Ничего себе – утром! Всю ночь Сиантоли тасовал вновь прибывших, выяснял их воинские умения и способности. Конечно, приказал срочно накормить хоть чем, лишь бы приободрить. Некоторые выглядели сильно утомлёнными и даже истощенными. Оказалось, что настоящий военный опыт из всех пятидесяти семи чжурчжэньских беглецов имели всего трое. Их сразу поставил десятниками. Остальных командиров десятков назначил из своих бойцов – а кого ещё? Теперь в новой чжурчжэньской по национальному составу сотне Первым стал пополненный бывший десяток Сиантоли под командованием слегка возгордившегося Стрелы, Вторым – переименованный Восьмой с тем же десятником Гусем, ещё четыре новых десятка возглавили Неспеши, Рыбачок, Брат Большой и Хохотун. В Седьмой десяток Сиантоли назначил сперва Гончара, но тот упросил освободить его от командирской участи. Котёл тоже наотрез отказался командовать.
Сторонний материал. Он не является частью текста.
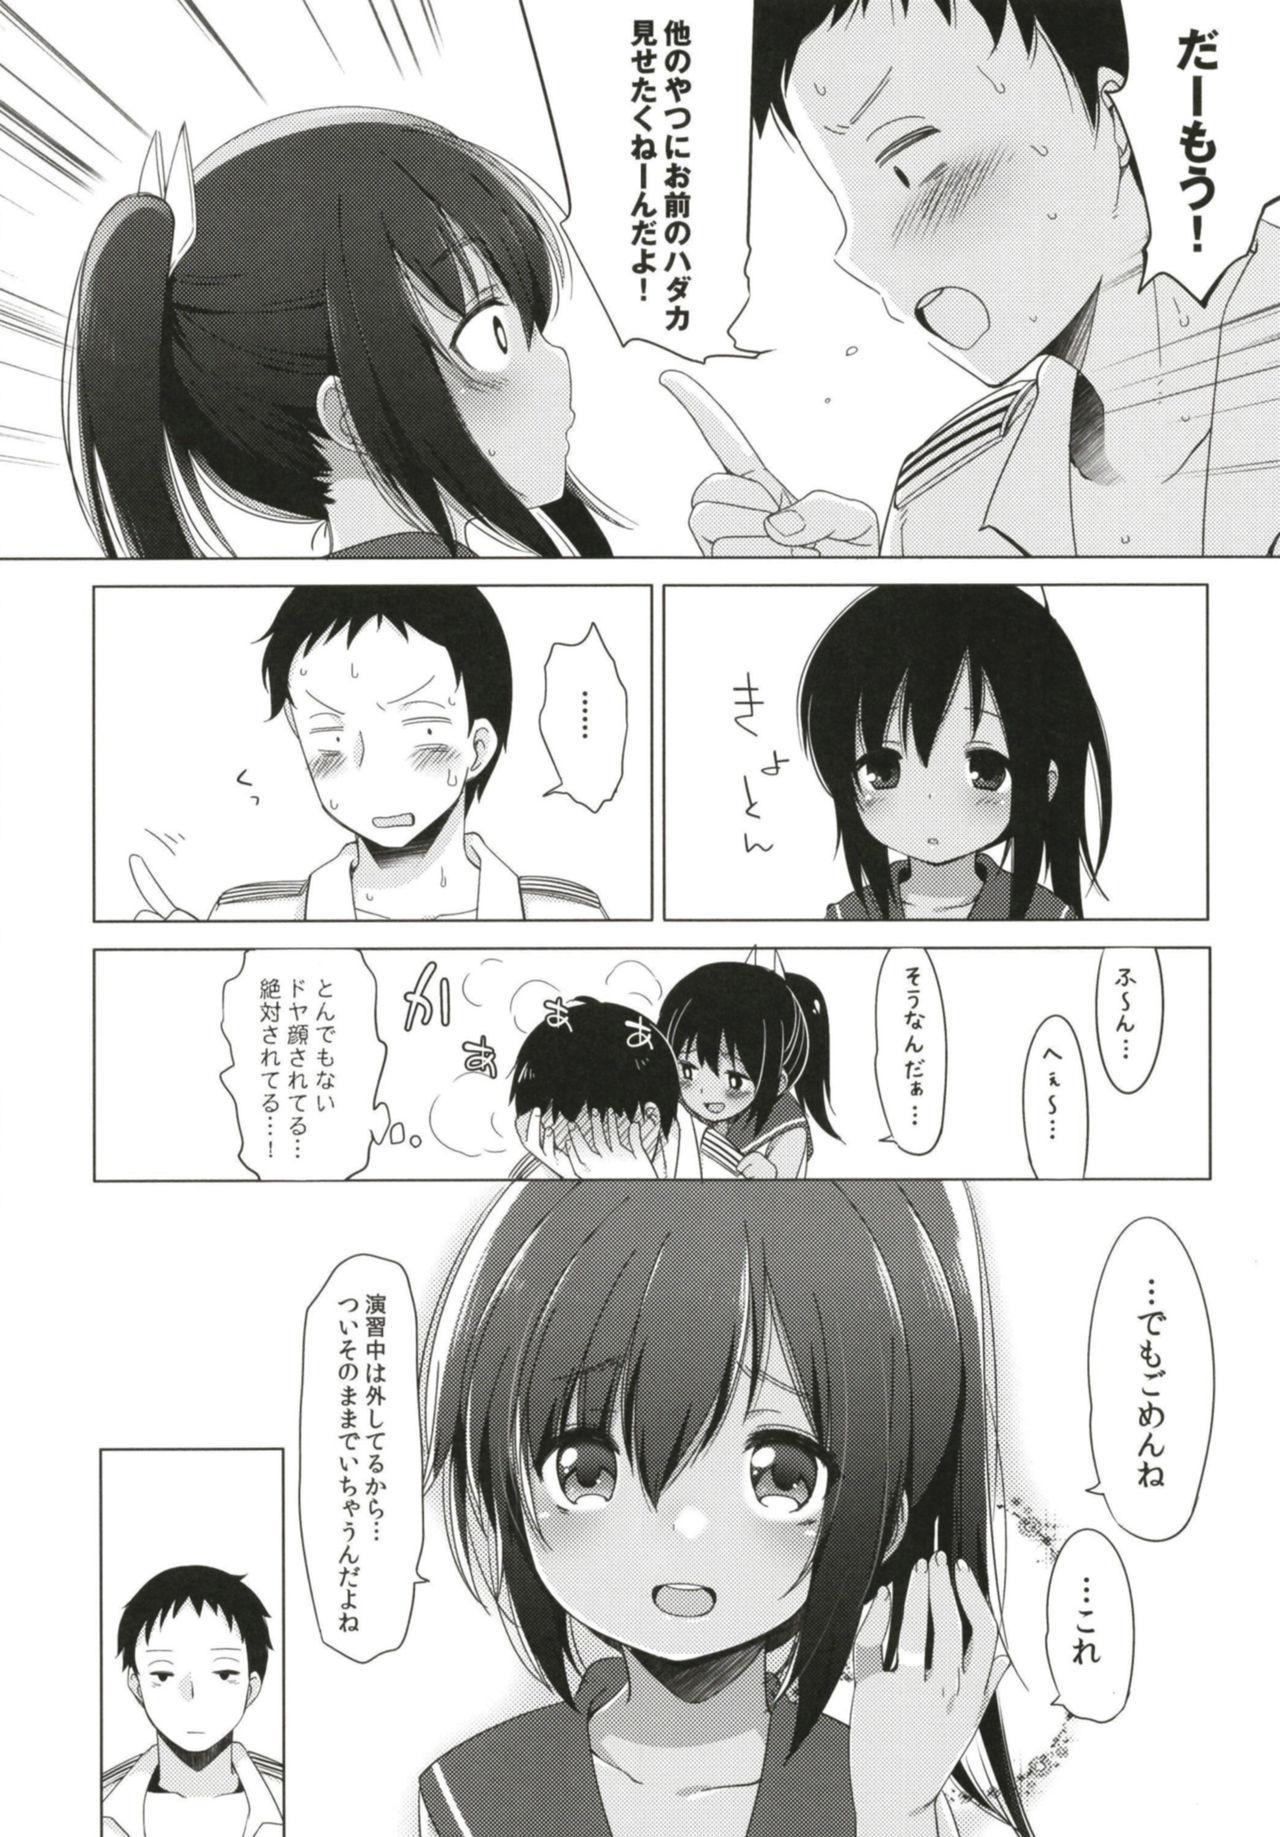 [French letter (Fujisaki Hikari)] Hitonatsu no Ayamachi -I-401 Soushuuhen- (Kantai Collection -KanColle-) [Digital] 21

Пришлось попросить человека с опытом во Втором десятке. Ставить командиром Брата Младшего у Сиантоли сердце не лежало, а Кафтаны сами ничего не умели. Но сейчас не было времени на размышления, до командирского смотра оставалось немного. Гончара Сиантоли попросил быть его слугой, тот согласился, и кажется был польщён. Теперь новые десятники принялись за обмундирование и приведение в надлежащий вид подчинённых.